ACTION CULTURELLE de l’ACADEMIE DE CAEN SERVICES EDUCATIFS
I La relation entre l’image et l’écrit :
La place du texte dans les trois grandes religions monothéistes est fondamentale, c’est le recueil de la parole, il garantit
le lien entre le croyant et le créateur. Le judaïsme est fondé sur la Torah, la révélation de Dieu faite à Moïse ; dans le
christianisme, l’Évangile prolonge cette révélation et étend la promesse de salut à toute l’humanité. Enfin l’Islam elle
aussi est fondée sur un texte sacré, le Coran, révélé par l’ange Gabriel à Mahomet.

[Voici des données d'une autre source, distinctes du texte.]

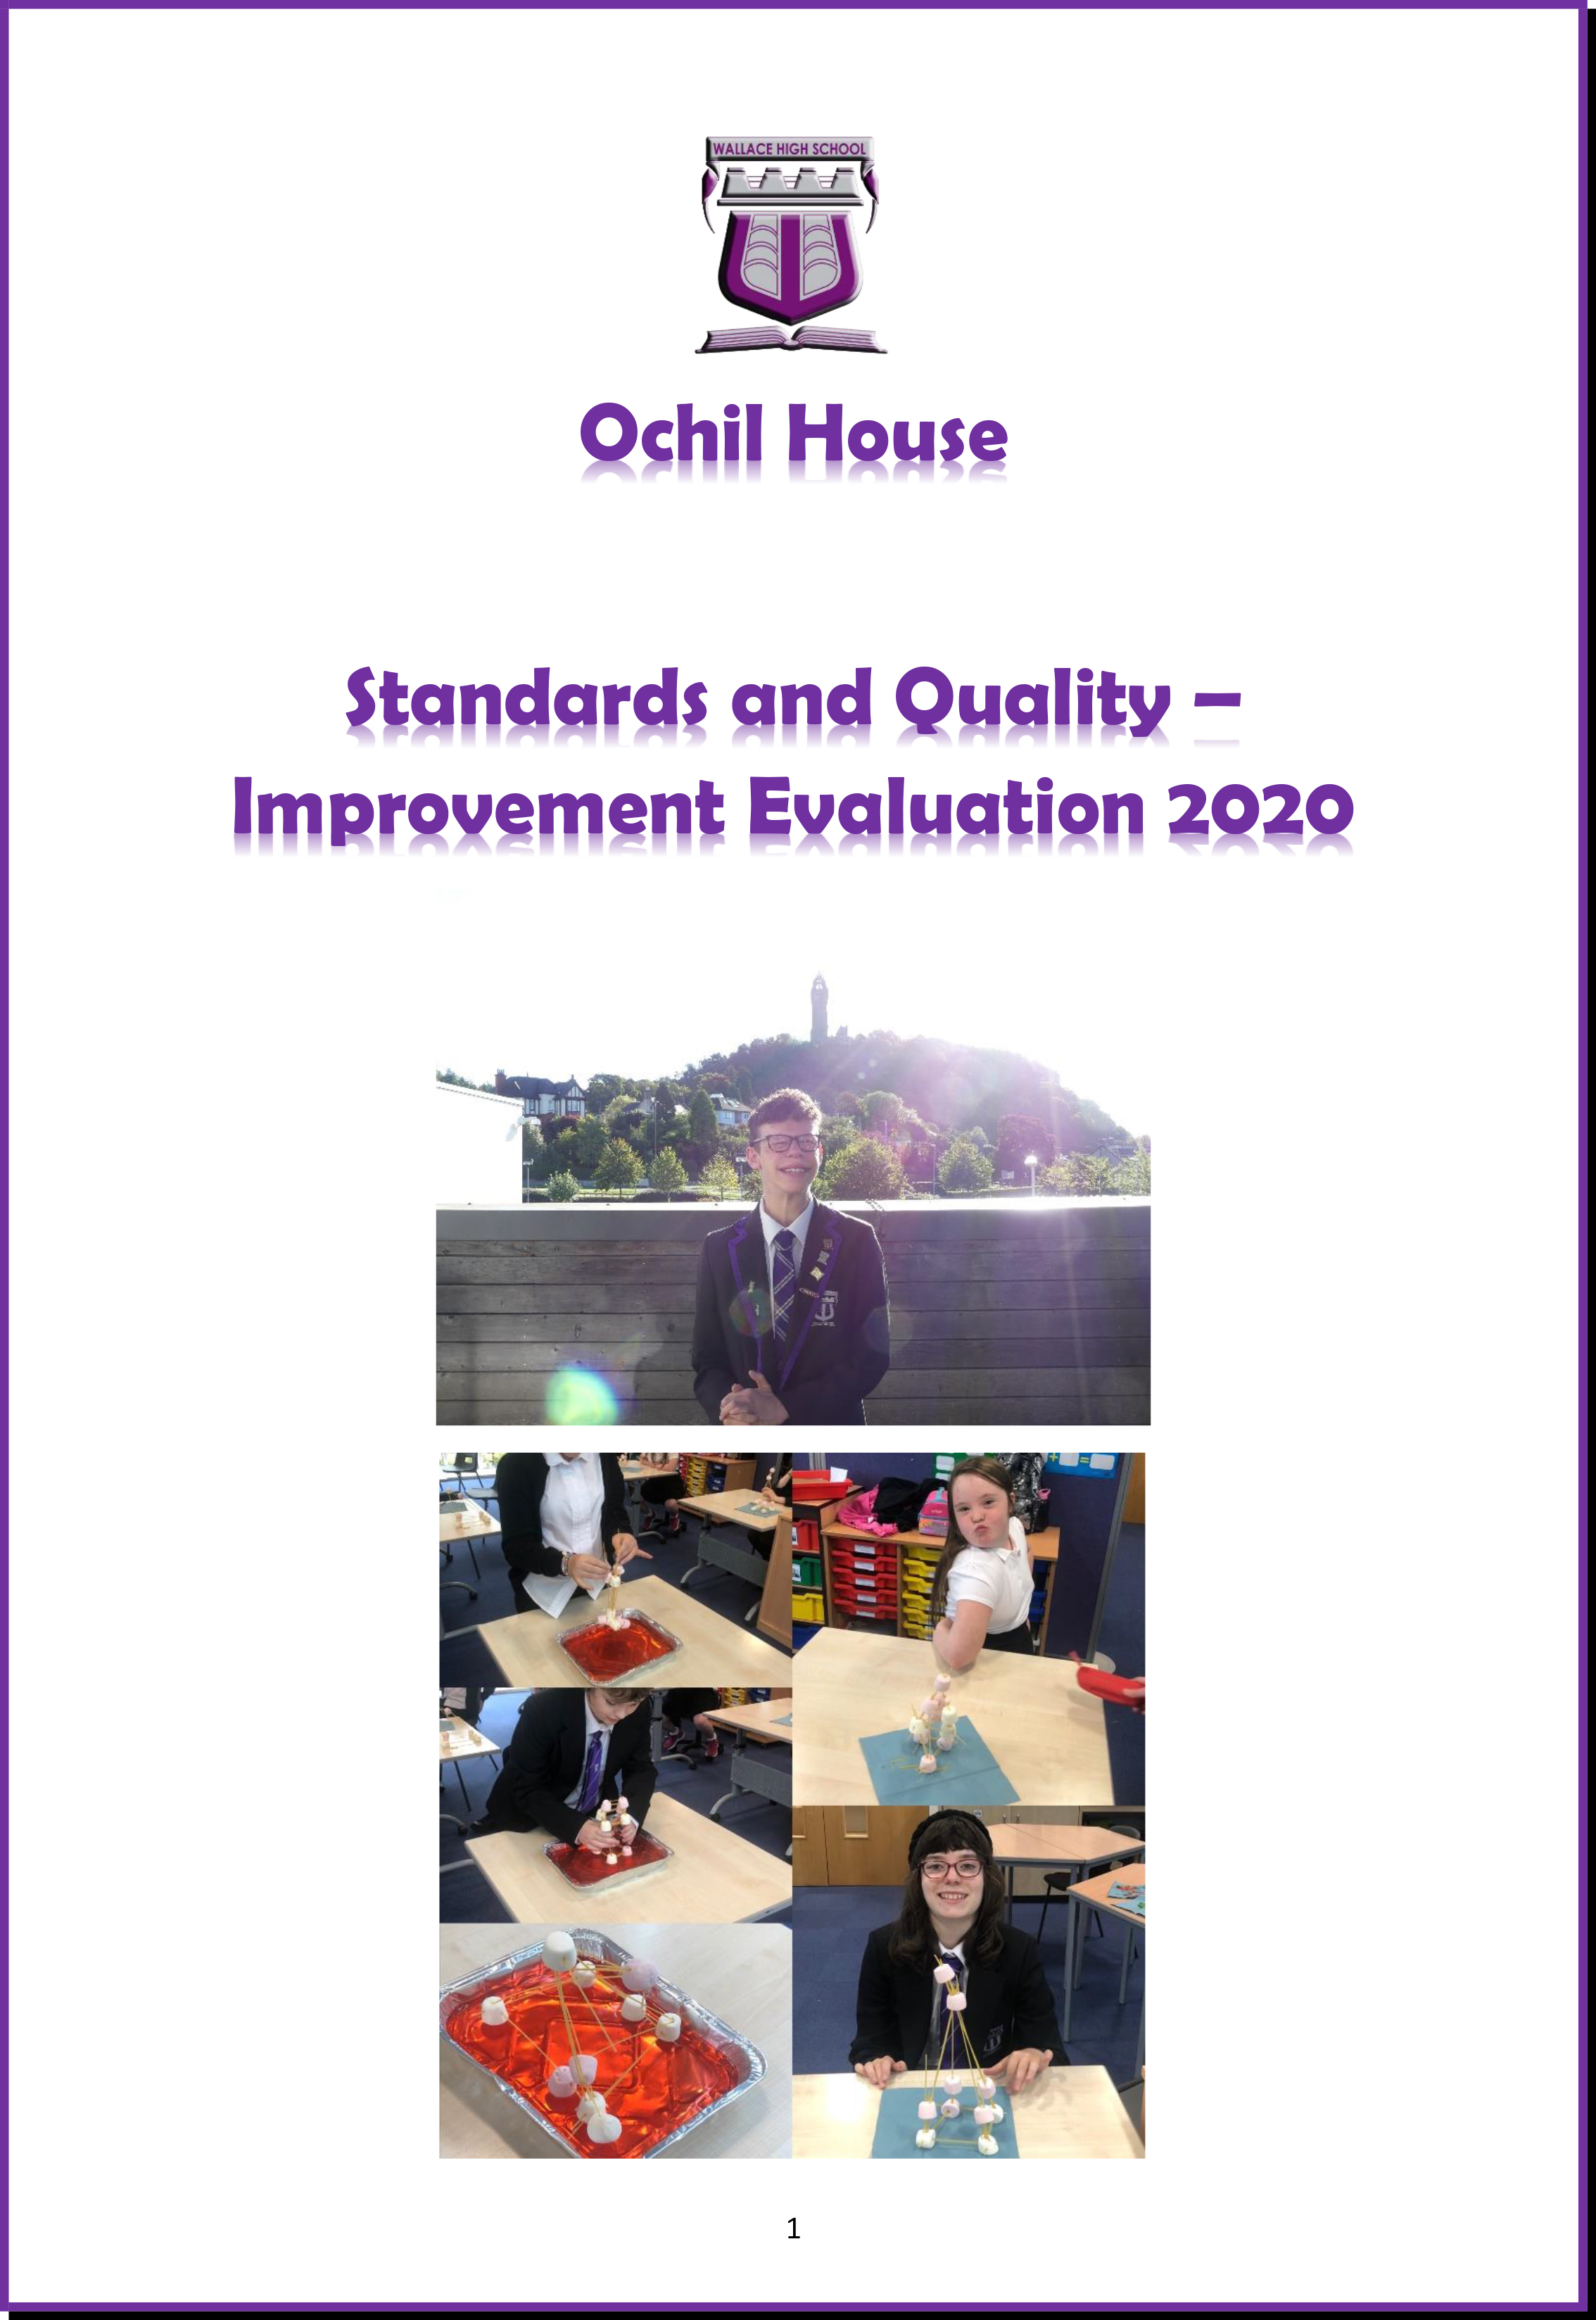 OCHIL HOUSE Improvement Evaluation 2020 1

La forme et la place du texte dans la pratique religieuse des chrétiens ont varié avec le temps ; d’abord présenté sous
forme de rouleaux de papyrus pendant l’Antiquité, ainsi que le sont toujours les rouleaux de la Torah, le texte va évoluer
très tôt vers la forme d’un livre appelé codex constitué de feuillets manuscrits assemblés qui permettent d’accéder aux
chapitres et de faire une lecture collective de la Bible. Au IIIème siècle avant Jésus-Christ, la Bible hébraïque est traduite
en grec et au IVème siècle après Jésus-Christ, saint Jérôme est chargé par le pape de traduire la Bible en latin d’après
des versions grecques et des manuscrits hébreux qu’il consulte en Palestine. Après trente ans de travail, il rédige la
Vulgate qui est une version reconnue pendant des siècles.

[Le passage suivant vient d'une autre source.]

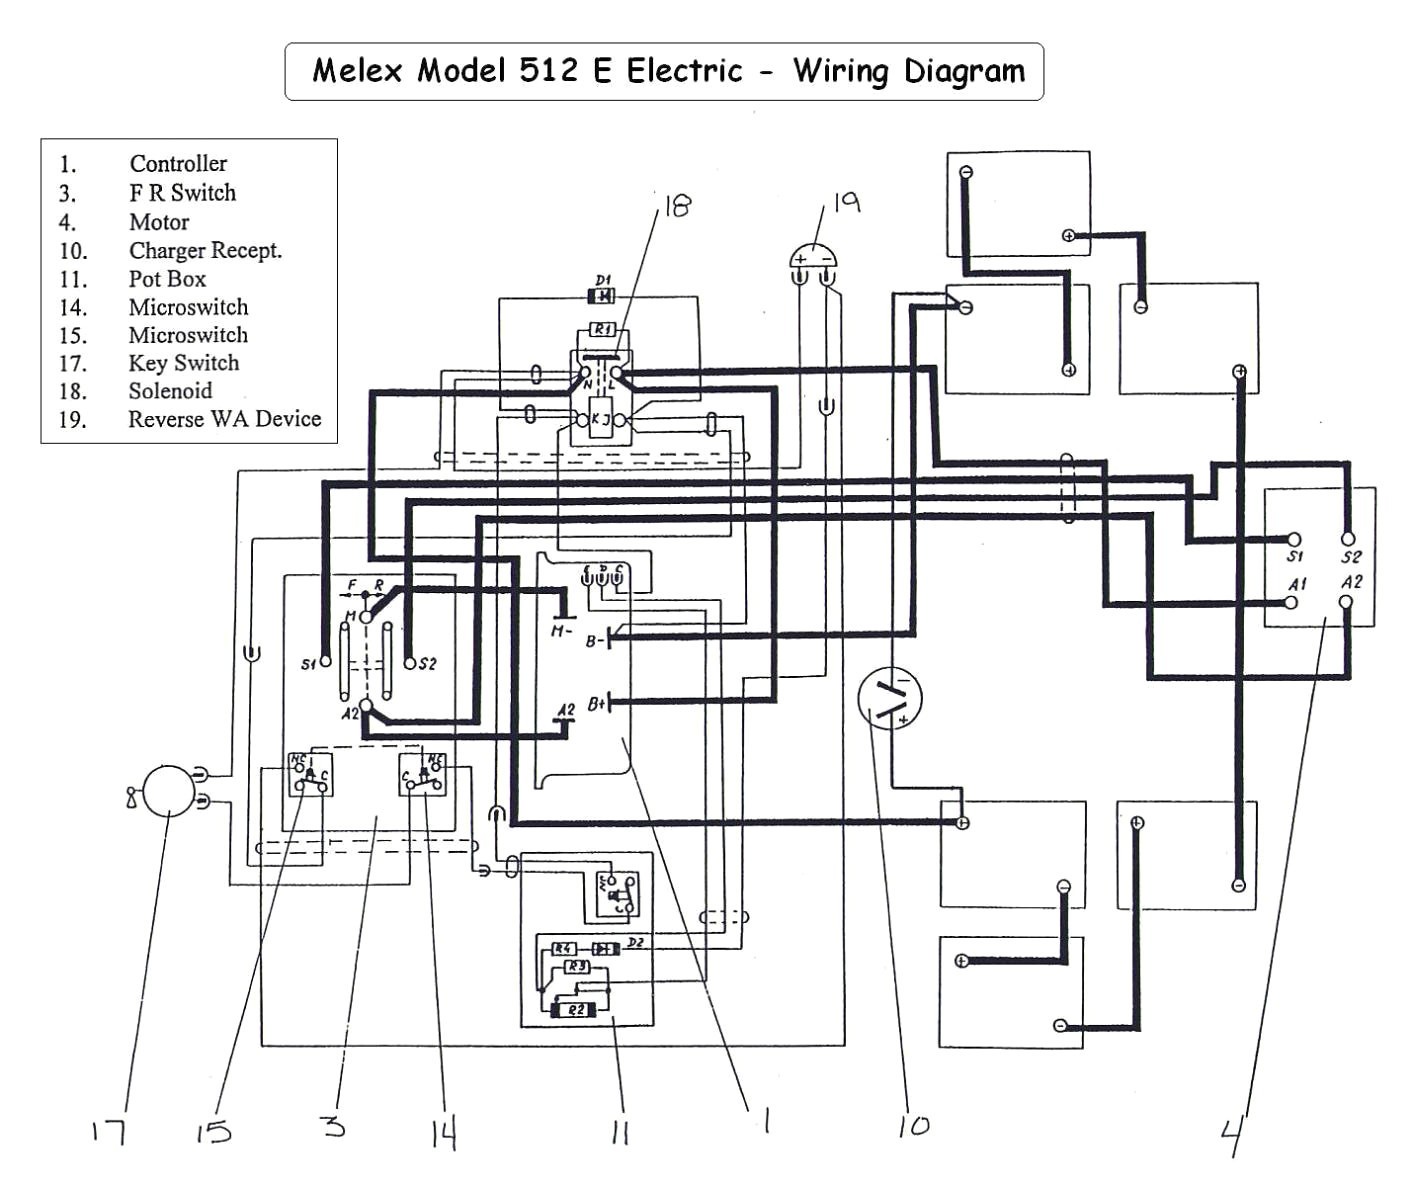 yamaha g16 golf cart wiring diagram mastertopforum me showy g16e rh wellread me 1996 Ezgo Golf Cart Wiring Diagram 1996 Ezgo Golf Cart Wiring Diagram

La Bible est alors un objet précieux des monastères et des abbayes ; l’enseignement monastique est fondé sur la lecture
et la méditation de l’Ancien et du Nouveau testament, comme le veut la règle bénédictine. C’est dans les monastères
aussi que les bibles sont produites, les grandes abbayes possèdent un scriptorium dans lequel les moines recopient les
manuscrits, on les appelle les copistes. La relation des croyants avec le texte a varié avec le temps, vers la fin du Moyen
Age, les chrétiens se sont parfois éloignés des textes sacrés, craignant la mort et recherchant le salut dans la
superstition. Avec la Renaissance, la Bible reprend toute son importance. Comme elle représente l’autorité et la vérité de
la parole de Dieu elle fait l’objet de nouvelles recherches et de nouvelles traductions à partir des textes
anciens. L’imprimerie transforme le rapport à l’écrit en diffusant le texte imprimé auprès d’un plus large public et Luther
publie en 1522 la première Bible en allemand. Le texte en langue vulgaire doit permettre à chacun de comprendre le
message de Dieu. C’est dans ce contexte de la Renaissance que la division entre catholiques et protestants va prendre
forme et affecter le rapport de chacun avec le texte. Pour les luthériens, la relation de l’homme à Dieu repose sur
l’écriture seule, d’ailleurs les foyers protestants possèdent une Bible et en font la lecture quotidiennement. La position de
l’Église catholique est différente, elle reste fidèle à la version latine de saint Jérôme et considère que la parole de Dieu
se transmet par l’Écriture appuyée sur la tradition.
Les images tiennent une grande place dans la religion chrétienne, elle se distingue ainsi des deux autres religions
monothéistes. En effet, les religions juive et musulmane sont aniconiques, pour elles, le divin est infini donc forcément
indescriptible ; toute image serait réductrice ou mensongère. Dans la religion chrétienne, le dogme de l’incarnation, le
mystère de l’union intime de la nature divine et humaine du Christ donne le droit de représenter l’image du Très Haut. Le
verbe s’est fait chair, c’est à la fois le fils et la parole de Dieu adressée aux hommes.
Les images religieuses sont souvent allégoriques, elles sont alors des représentations complexes qui renvoient à autre
chose qu’elles mêmes, elles permettent de représenter un concept abstrait pour qu’il soit compris par le plus grand
nombre. De nombreuses images se basent sur les textes des saintes écritures et avec le temps et la tradition, elles ont
crée des codes visuels stables et compris par le plus grand nombre. Ainsi les attributs des personnages renvoient
toujours à une interprétation, le calice est le sacrement de l’autel et le symbole de la foi ; le crâne, l’attribut des ascètes
et des ermites, il renvoie au caractère caduc des choses terrestres.
Dans le contexte de la réforme catholique élaborée lors du concile de Trente, une nouvelle spiritualité apparaît chez les
catholiques et les images y ont une fonction majeure. Celles-ci doivent servir à la propagation de la foi, célébrer le
triomphe de l’Église pour renouveler la foi des fidèles. Les personnages les plus représentés sont les saints et la Vierge
alors que la façon de les peindre est plus maniériste, les feuillages et les anges donnant une vision joyeuse du paradis.
Ainsi l’Église exerce-t-elle un strict contrôle des images auxquelles elle reconnaît une fonction pédagogique.